Bleyer’s are made in Germany, I believe, and use European sizes, so again, be careful when ordering. in the UK does list equivalences. Unlike other dance shoes companies, Bleyer runs theirs true to size with generous width, so this is one case where you will want to order your actual size, not one size bigger. I normally wear 7 1/2 wide, need 8+ from other companies, but when I got Bleyer’s size 8s, they were a bit too long. Still very usable, but if I could have exchanged them, I would have done so.

Both  models have identical internal construction: there’s a good suede bottom, quite soft, the whole interior of the shoe is lined with absorbent fabric, and there’s a hint of a cushion on the sole.

Their Stretch Satin Oriental Dance shoe is the most expensive one in the line, and comes in black with either silver or gold embroidery. The “satin” feels plasticky to the touch, and is a bit too shiny to be real satin. The embroidery is pretty and tasteful, but the thread used for stitching the sequins is rather flimsy, and you might want to at least reinforce the ends so they don’t start unravelling.

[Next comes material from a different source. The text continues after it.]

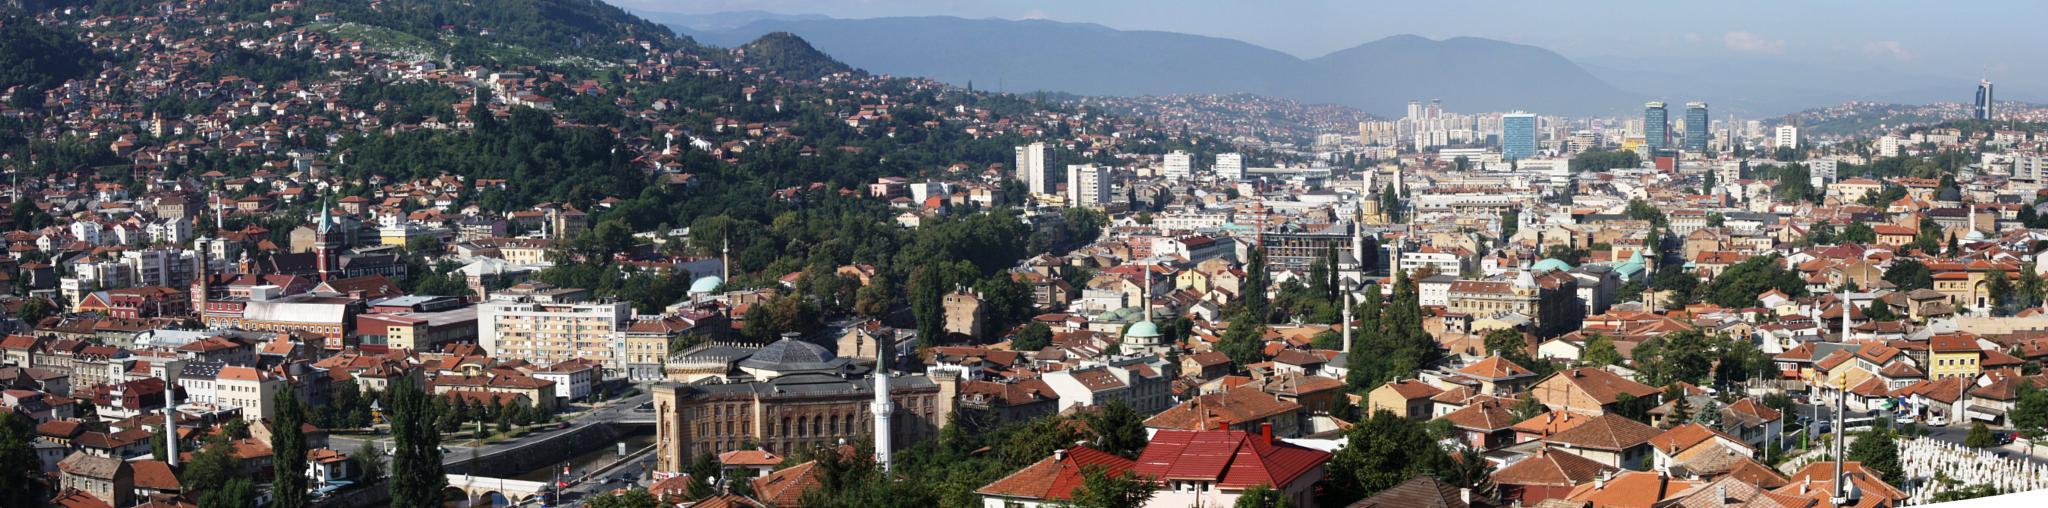 panoramica a Sarajevo by renzo.arena.5

The Sporti is at the other end of the line, the cheapest, and come in plain silver or gold. They are a bit more pricey than Egyptian slippers purchased locally, but this difference is not significant. The synthetic upper feels soft, and you even have the option of suede or rubber soles.

When sized properly, these are incredibly comfortable, and will stay on your feet no matter what, even if they are running a touch bigger. There’s the advantage that they are made in Europe, so the sizing runs higher than Egyptian sizes, which tend to only get up to (a rather small) 41, so if you’ve got bigger feet, they might be your safest option.  If they made these in different colours I would certainly get more to complement my costumes.

I currently alternate between the Sporti and a pair of Egyptian slippers that I got around the same time, and I can say that the difference in performance is minimal. I feel *slightly* more comfortable in the Bleyers, because they fit better around my feet, but I suspect this has more to do with differences in shape and cut rather than actual differences in manufacturing quality. The extra lining in the inside of the Bleyers means that if your feet tend to sweat, you might be better off with these, as the Egytpian slippers are not good for drawing out the moisture. I prefer the material on the upper Bleyers, but the golden colour on the Egyptians, so I can’t really say which one is better of the two, and if asked I would say “either”.